Jacky looked at her inquisitively, and finishing her share of the conversation in her own abrupt fashion, shot into the byre to see the ailing cow, from whence she soon after stole into the Tower, where an irksome hour of compulsory stocking-knitting, in the comfortable housekeeper’s-room of Mrs. Euphan Morison, awaited Mrs. Euphan’s reluctant daughter. The room was a very cosy room in all things, but its disagreeable odor of dried and drying herbs; and Jacky, after a reproof from her mother, so habitual that it had sunk into a formula, took her customary seat and work. Bessie joined her, by-and-bye, with some little piece of sewing that she had to do for Miss Aytoun, and Johnnie Halflin, less dignified, betook himself to the kitchen fire, to read, or joke, or doze the evening out.
The time drew near when Mrs. Catherine’s doubts concerning Archibald Sutherland were to be solved. The strong old lady grew nervous on these dim mornings, and opened her letter-bag with a tremor in her hand; but when the latest day had come, there was still no letter from Paris. Impatiently she tossed them out. There were two or three letters of applicants for her vacant farm, the closely-written sheet of home-news for Alice, business-notes of various kinds, but nothing from the prodigal, whose interests lay so near her heart. She lifted them all separately again, turned out the bag—in vain.
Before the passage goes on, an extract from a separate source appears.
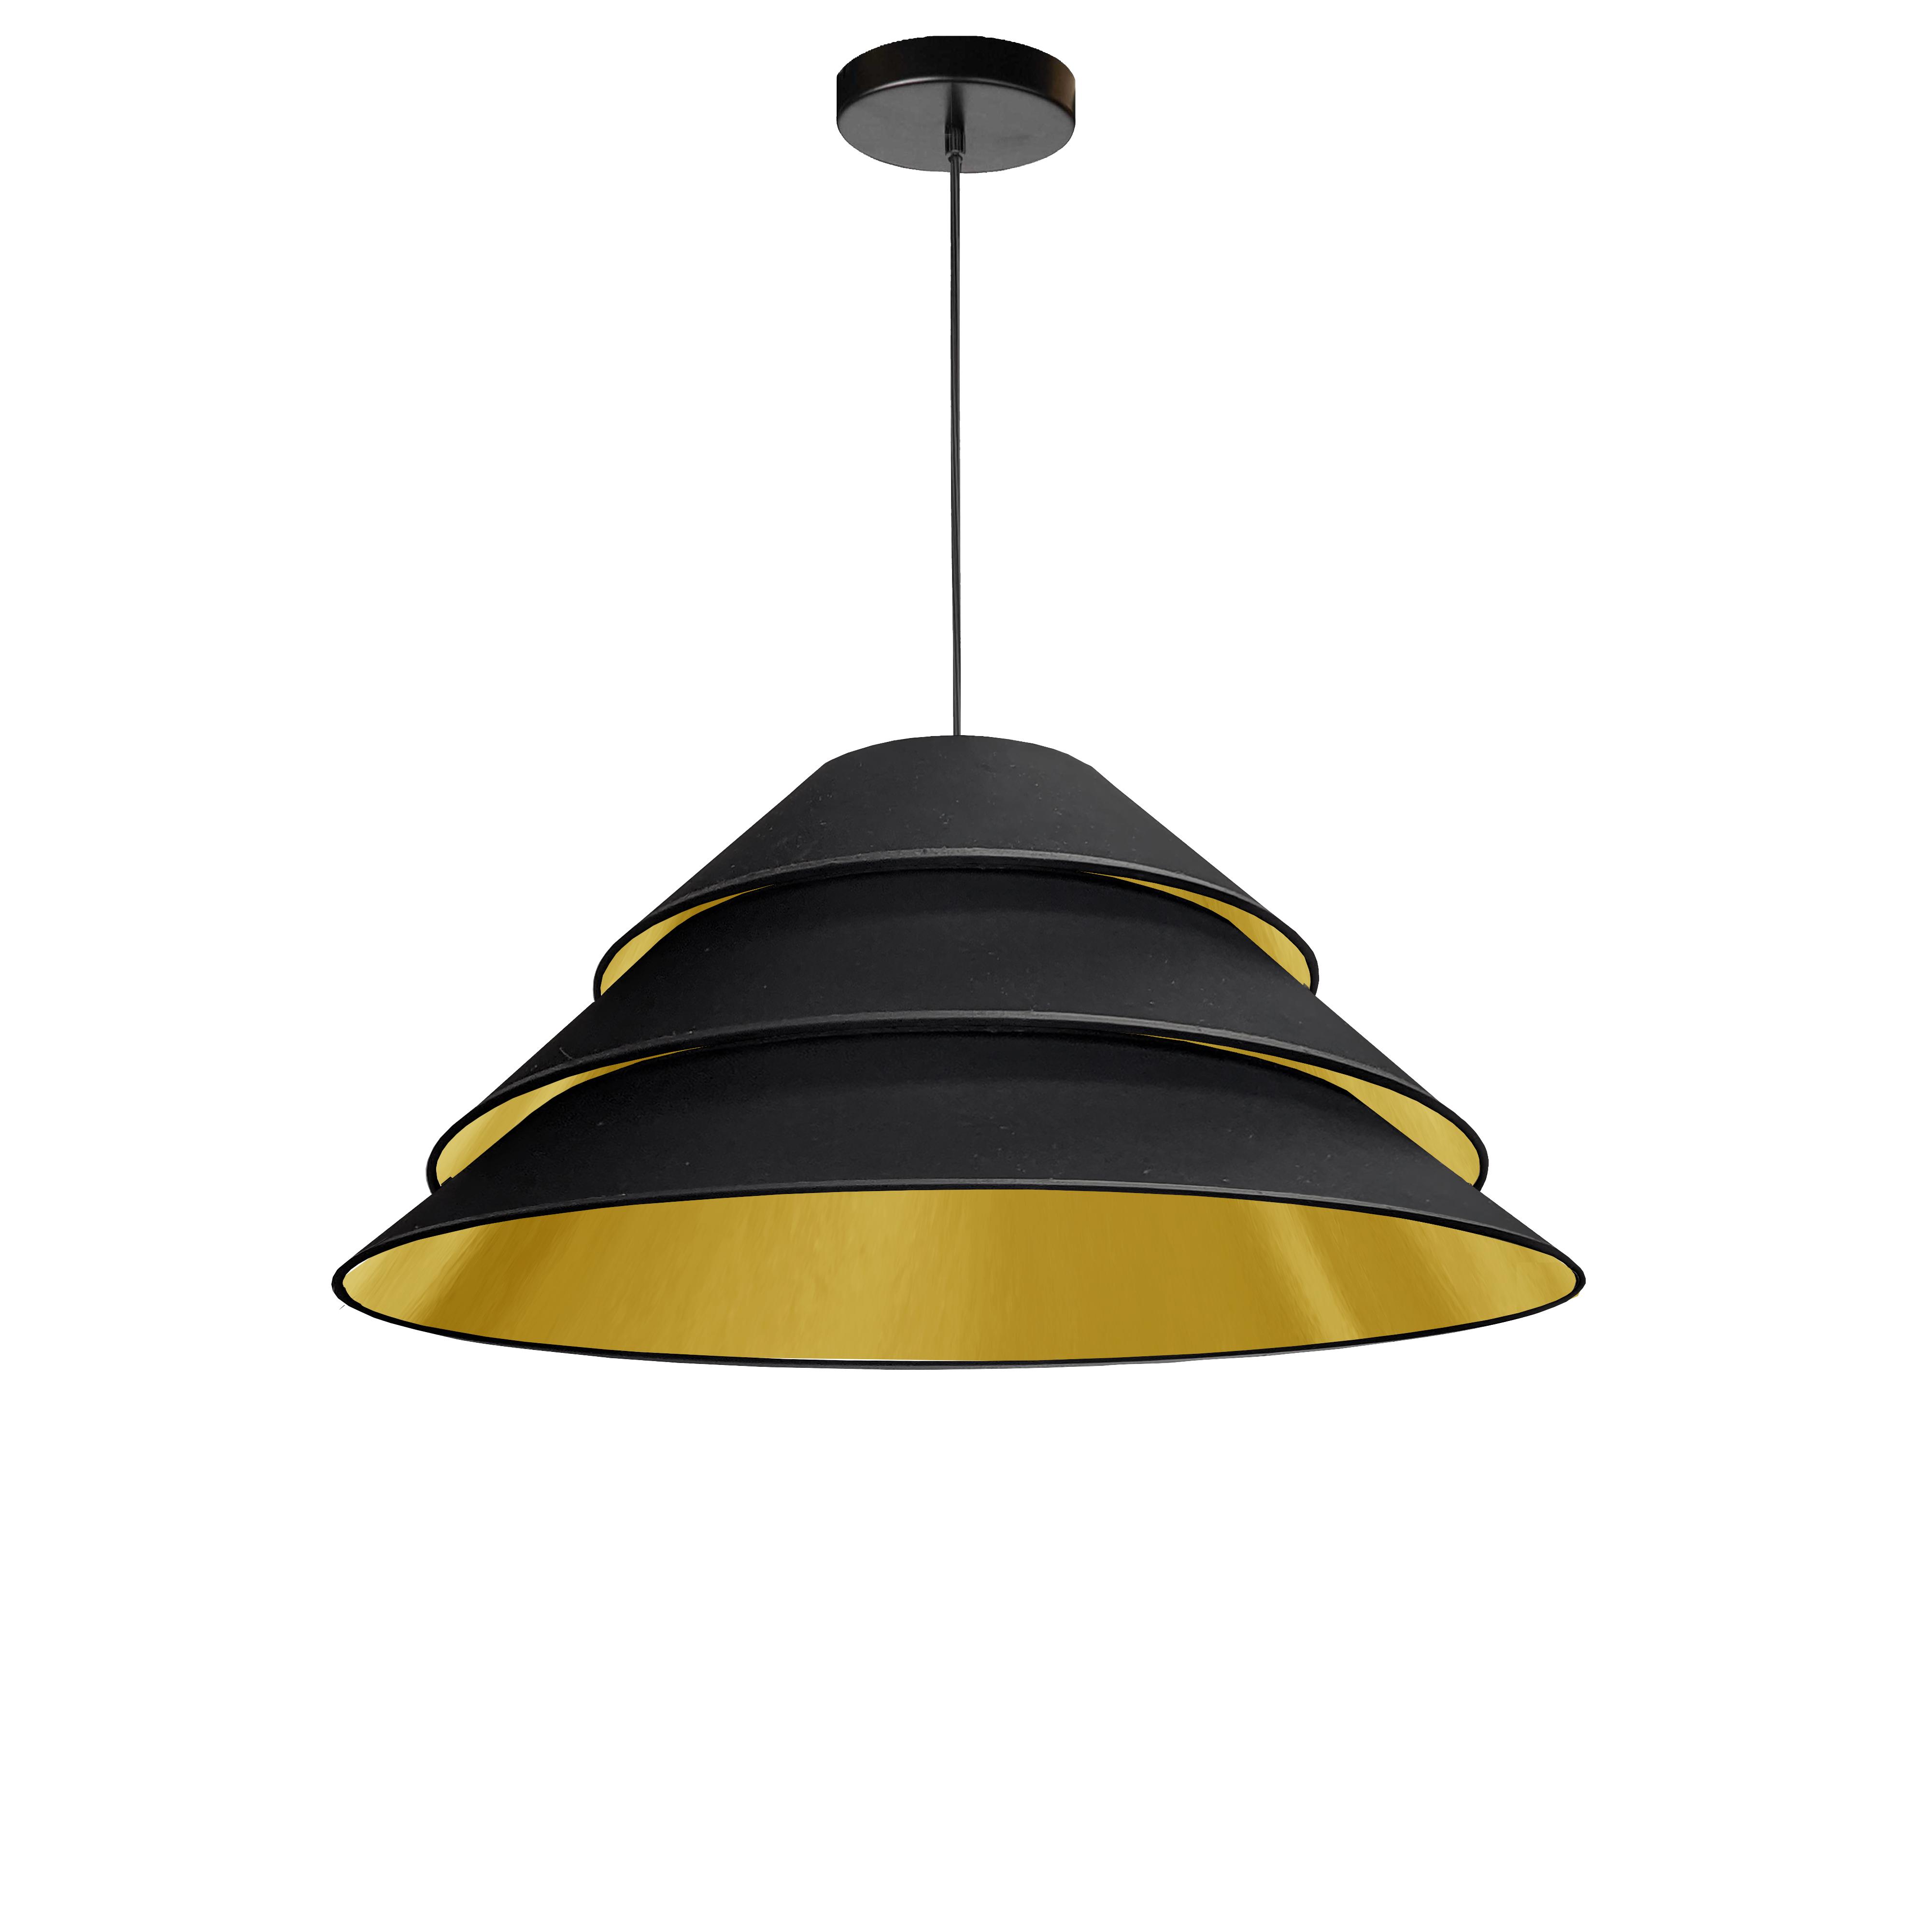 1Light Aranza Pendant, Black/Gold Shade, Black

Her clear eye had made no blunder in its first quick investigation. Mrs. Catherine’s brow darkened. Alice hardly dared to approach timidly, and withdraw her own letter from the little heap. Not that the face of her kinswoman expressed anger, but it bore the impress of some unknown mental struggle, which Alice, in the serene light of her girlish happiness, did not even know by name.
So Alice stole up stairs to the fireside of her bright dressing-room, to read the long mother’s letter, overflowing with tender counsel and affection, and to weave fair dreams—dreams of joy and honor to that gentle mother, and all things pleasant and prosperous to James—round one unacknowledged centre of her own. Pleasant are those bright dream-mists of youthful reverie, with their vague fairy-land of gladness—pleasant to weave their tinted web, indefinitely rich and glorious, over that universe of golden air, with its long withdrawing vistas—the wealthy future of youth.
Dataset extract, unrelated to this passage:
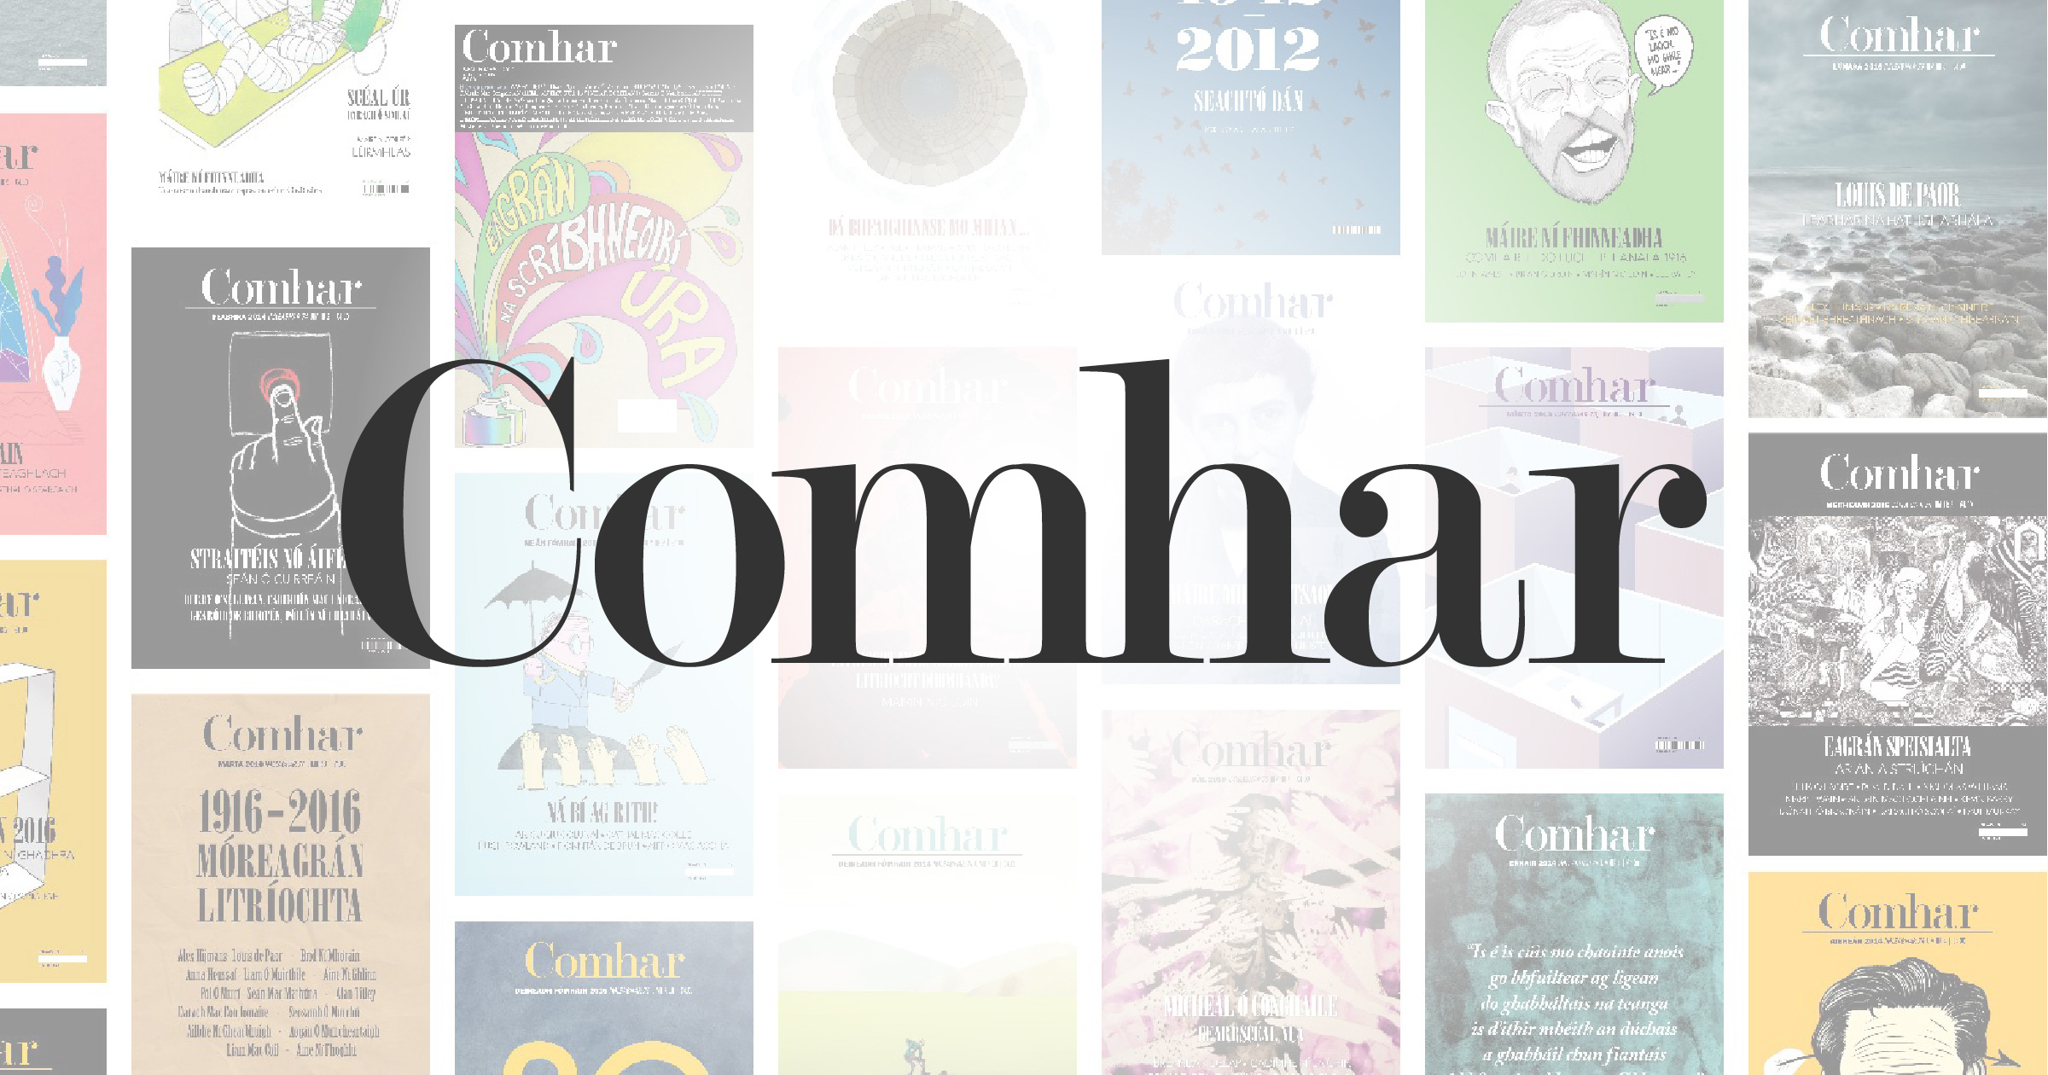 Magazine reading links like Comhar.

But Mrs. Catherine sat still alone, her head bent forward, her keen eyes looking into the blank depths of a mirror on the wall, as though, like the hapless lady in the tale, she could read the wished-for tidings there. The door opened slowly. Jacky, with some strange intuitive knowledge of her mistress’s anxiety, had been on the outlook from the window of the west room, and had now glided down stairs to report. Mrs. Catherine raised her head sharply as the girl’s prefatory “If you please!” fell on her ear.
“What ist’, you elf?”
“If you please,” continued Jacky, “it’s Mr. Ferguson, the Strathoran factor, gallopping up the waterside like to break his neck!”
Mrs. Catherine started to her feet.
“Take him to the library—I will be down myself in a moment. Are you lingering, you fairy? Away with you!”
Jacky vanished, and Mrs. Catherine walked hastily through the room.
“He will have gotten tidings!” And then she was still for a moment, in communion with One mightier than man, nerving herself for the “tidings,” whatever they might be.
Jacky stood at the open door as Mr. Ferguson gallopped up, but he did notice the unusual haste with which he was hurried into the library. A cold dew was on his honest forehead; regret and grief were in his kindly heart; the familiar ordinary things about him bore a strange look of change. The difference was in his own agitated eyes, but he did not think of that. Mrs. Catherine stood before him, calm and stern, in the library.
“Mr. Ferguson, you have gotten tidings?”
The firm, strong figure reeled in Mr. Ferguson’s dizzy eyes.
“Mr. Ferguson, you are troubled. Has the prodigal done his worst? Sit down and calm yourself. I am waiting to hear?”
The factor sat down. Mrs. Catherine did not, but, clasping her hands tightly together, stood before him and waited.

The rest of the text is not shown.